3 - A fotografia da Sagrada família
Estamos na era da Imagem, assim
que tudo se dá a conhecer mostrando
uma imagem. Desde o século V, os
artistas, pintores e escultores imaginaram
e mostraram com imagens as
diversas passagens da vida e história
de Jesus. Hoje gostaríamos de possuir
uma fotografia da Sagrada Família,
bem conforme com a realidade histórica.
Então, imaginemos a fotografia
da família de Jesus para uma catequese
bíblica, de acordo com os dados
familiares de Mateus e Lucas e com as
narrações dos Evangelhos apócrifos.
Este retrato familiar, seria assim:
No centro Jesus criança ou no colo
da mãe, Maria; à sua esquerda José e
seus quatro filhos. Na direita de Maria,
as duas filhas de José. Uma segunda
fotografia mais realista seria: a mesma
colocação das pessoas, agora
acrescentando todos os sobrinhos e
sobrinhas, as cunhadas e cunhados
de Jesus. Desta forma, far-se-ia justiça
às genealogias de Mateus e Lucas (Mt
1,1-17; Lc 3,23-38). Esta seria a família
nuclear do Filho de Deus encarnado.
Neste ícone, encontraremos uma inspiração
para nossa vida familiar, social
e de relação com Deus.
Depois da família nuclear, a segunda
família de Jesus somos nós (Mateus
12,46-50), que pelo batismo, a confirmação
e a participação na Eucaristia,
respiramos o oxigênio da família trinitária,
onde Ele, Jesus, é a cabeça e nós
todos, os membros do corpo que é a
Igreja (I Coríntios 12,12-31).
4 - Caminhando com Jesus. A oração
do coração
Jesus faz um convite carinhoso e
polido a cada pessoa: “Venha comigo,
segue-me” (João 1,43). “Eu sou a luz do
mundo. Quem me segue nunca andará
na escuridão, mas terá a luz da vida”
(João 8,12). “Tome a sua cruz e siga-me”
(Mt 16,24). Neste contexto do convite
a caminhar seguindo Jesus, existe
na espiritualidade mística da Igreja
uma oração infinitamente bela,
transformadora e apaixonante que
se denomina “A oração de Jesus ou
Oração do coração”.
Esta oração de Jesus, é uma oração
vocal vinda da espiritualidade da Igreja
ortodoxa, que ao longo dos séculos foi
e é a resposta à exortação do apóstolo
Paulo, na 1ª carta aos Tessalonicenses,
“Orai sem Cessar” (I Ts 5:17). Esta
é a oração que os místicos cristãos e
qualquer batizado, confirmado e participante
da Eucaristia o coloca em
unidade e intimidade profunda com
Aquele no qual “vivemos, respiramos e
existimos” (Atos 17,28).
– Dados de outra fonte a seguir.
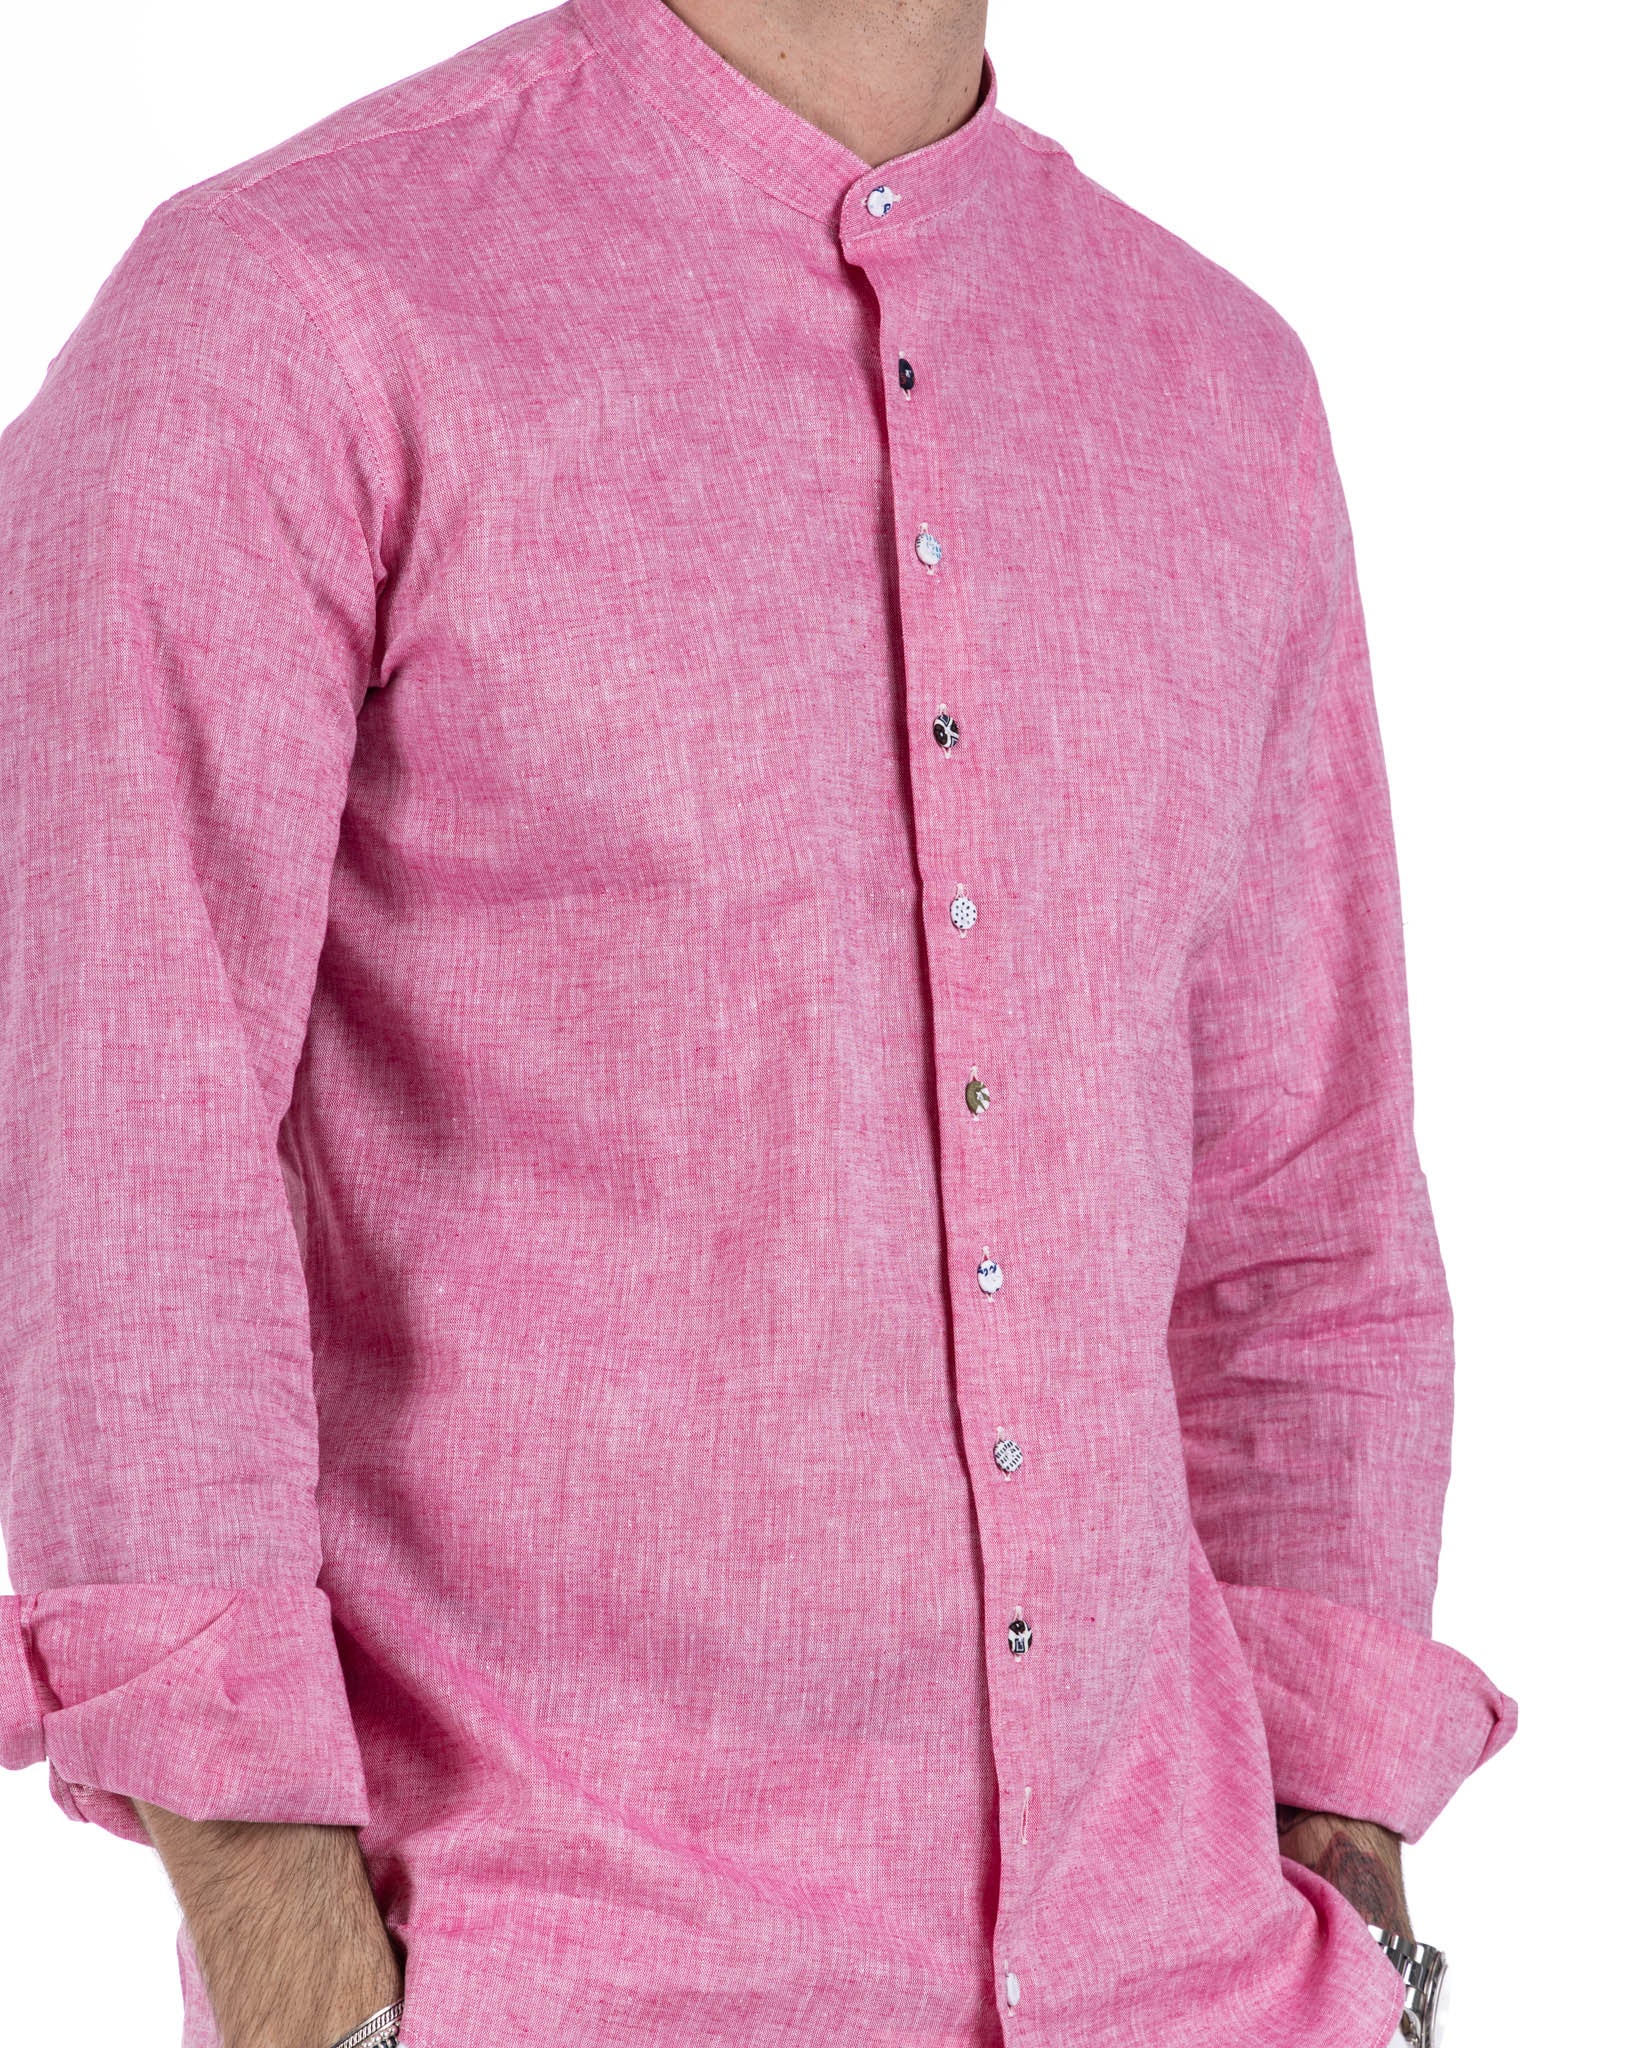 Positano - fuchsia linen Korean shirt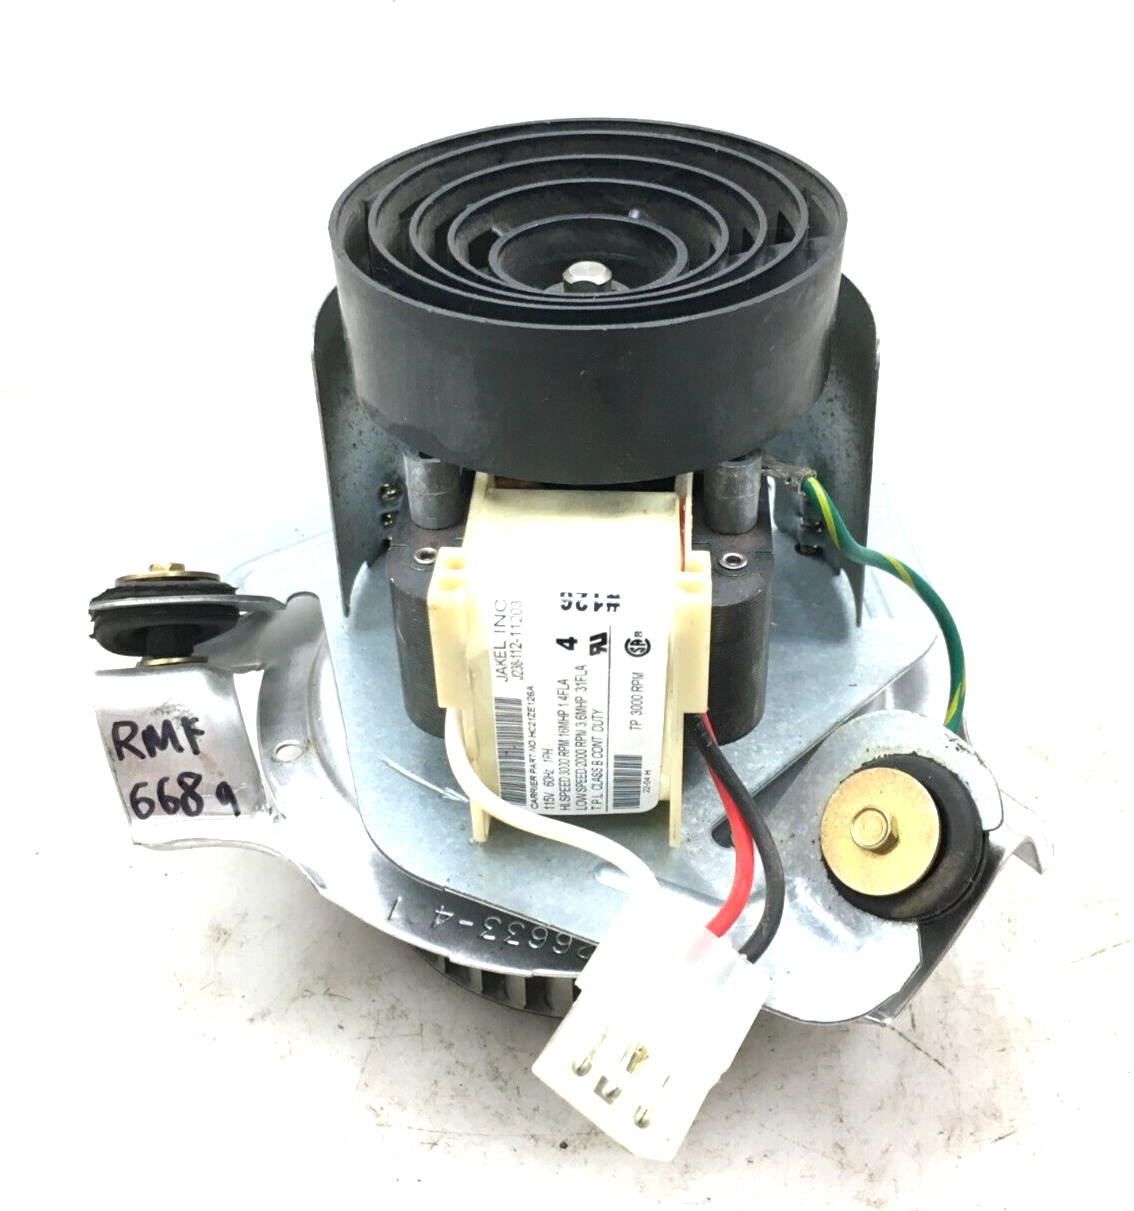 JAKEL J238-112-11203 Draft Inducer Blower Motor HC21ZE126A used refurb. #RMF668A

Esta oração é
como um mantra que repetida incessantemente
nos introduz no coração
trinitário de Deus. Ela é uma inspiração,
força e horizonte que nos lança a
caminhar com aquele que é “Caminho,
verdade e vida” (João 14,6) na caminhada
ao amor infinito e misterioso da
Santíssima Trindade.
Eis a oração de Jesus para ser repetida
incessantemente como um mantra:
“Senhor Jesus Cristo, Filho de Deus,
tende piedade de mim”.
Comece a pronunciá-la com adoração
e amor. Apegue-se a ela. Repita-a devagar,
suave e silenciosamente até que o
mantra seja conteúdo da sua respiração
e circule pelas suas veias e artérias.
A oração de Jesus ou Oração do
Coração é o tema do belíssimo livro
chamado “Relatos de um Peregrino
Russo”, em que um peregrino se pergunta
qual é o significado da exortação
do Apóstolo Paulo: “Orai sem
Cessar” (I Ts 5:17), e então, dedica sua
vida a encontrar o significado.
Na compra deste livro, recomendo
a Edição da Editora Vozes. (Livraria
Diocesana).
5 - O Caminho é Cristo
Não existe outro caminho de oração
cristã senão Cristo. Seja a nossa
oração comunitária ou pessoal, vocal
ou interior, ela só tem acesso ao Pai
se orarmos “em nome de Jesus”. A santa
humildade de Jesus é, portanto, o
caminho pelo qual o Espírito Santo
nos ensina a Orar a Deus, nosso Pai.
(CIC 2664).
***
Para aprofundar no tema:
ANÔNIMO do Século XIX. Relatos de
um peregrino russo. Petrópolis: Edit
Vozes, 2013.
PAGOLA, José Antônio. Jesus. Aproximação
histórica. Petrópolis: Vozes,
2010.
Os Salmos (psaltérion). “Os salmos são como o vento: aprende a respirá-lo profundamente” (Adolfo. Schokel, biblista).